Problem 29
Question
A projectile is fired from a cannon located on a horizontal plane. If we think of the cannon as being located at the origin \(O\) of an \(x y\) -coordinate system, then the path of the projectile is $$y=\sqrt{3} x-\frac{x^{2}}{400}$$ where \(x\) and \(y\) are measured in feet. a. Find the value of \(\theta\) (the angle of elevation of the gun). b. At what point on the trajectory is the projectile traveling parallel to the ground? c. What is the maximum height attained by the projectile? d. What is the range of the projectile (the distance \(O A\) along the \(x\) -axis)? e. At what angle with respect to the \(x\) -axis does the projectile hit the ground?
Step-by-Step Solution
Verified Answer
a. The angle of elevation of the gun is \(60^{\circ}\).
b. The projectile is parallel to the ground at point \((200\sqrt{3}, 300)\).
c. The maximum height of the projectile is \(300\) feet.
d. The range of the projectile is \(400\sqrt{3}\) feet.

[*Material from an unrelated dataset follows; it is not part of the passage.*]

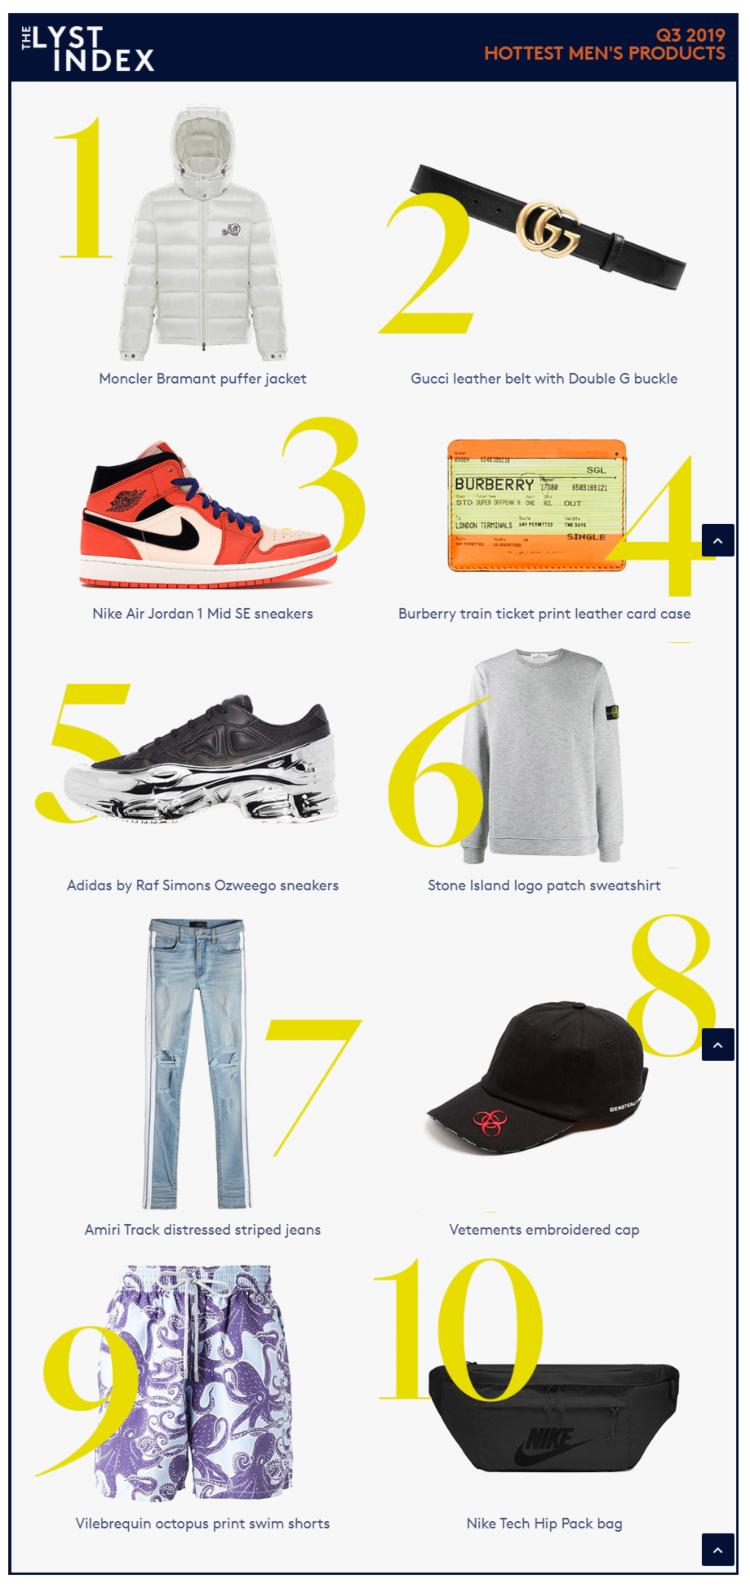 hottest men product thương hiệu thời trang trang elleman 1119 Lyst

e. The projectile hits the ground at an angle of \(-60^{\circ}\).
1Step 1: Find the derivative of the given function
First, differentiate the given function \(y = \sqrt{3}x-\frac{x^2}{400}\) with respect to \(x\). Use the power rule and chain rule:
\(y' = \frac{d}{dx}(\sqrt{3}x-\frac{x^2}{400})= \sqrt{3}-\frac{2x}{400}\).
2Step 2: Find the angle of elevation
To find the angle \(\theta\) of elevation of the gun, evaluate the derivative at \(x=0\). This will give you the tangential slope at that point. Then, use the `tan` inverse function to find the angle:
\(y'(0) = \sqrt{3} - \frac{2 * 0}{400} = \sqrt{3}\).
Now find \(\theta\):
\(\theta = \tan^{-1}(y'(0)) = \tan^{-1}(\sqrt{3}) = 60^{\circ}\).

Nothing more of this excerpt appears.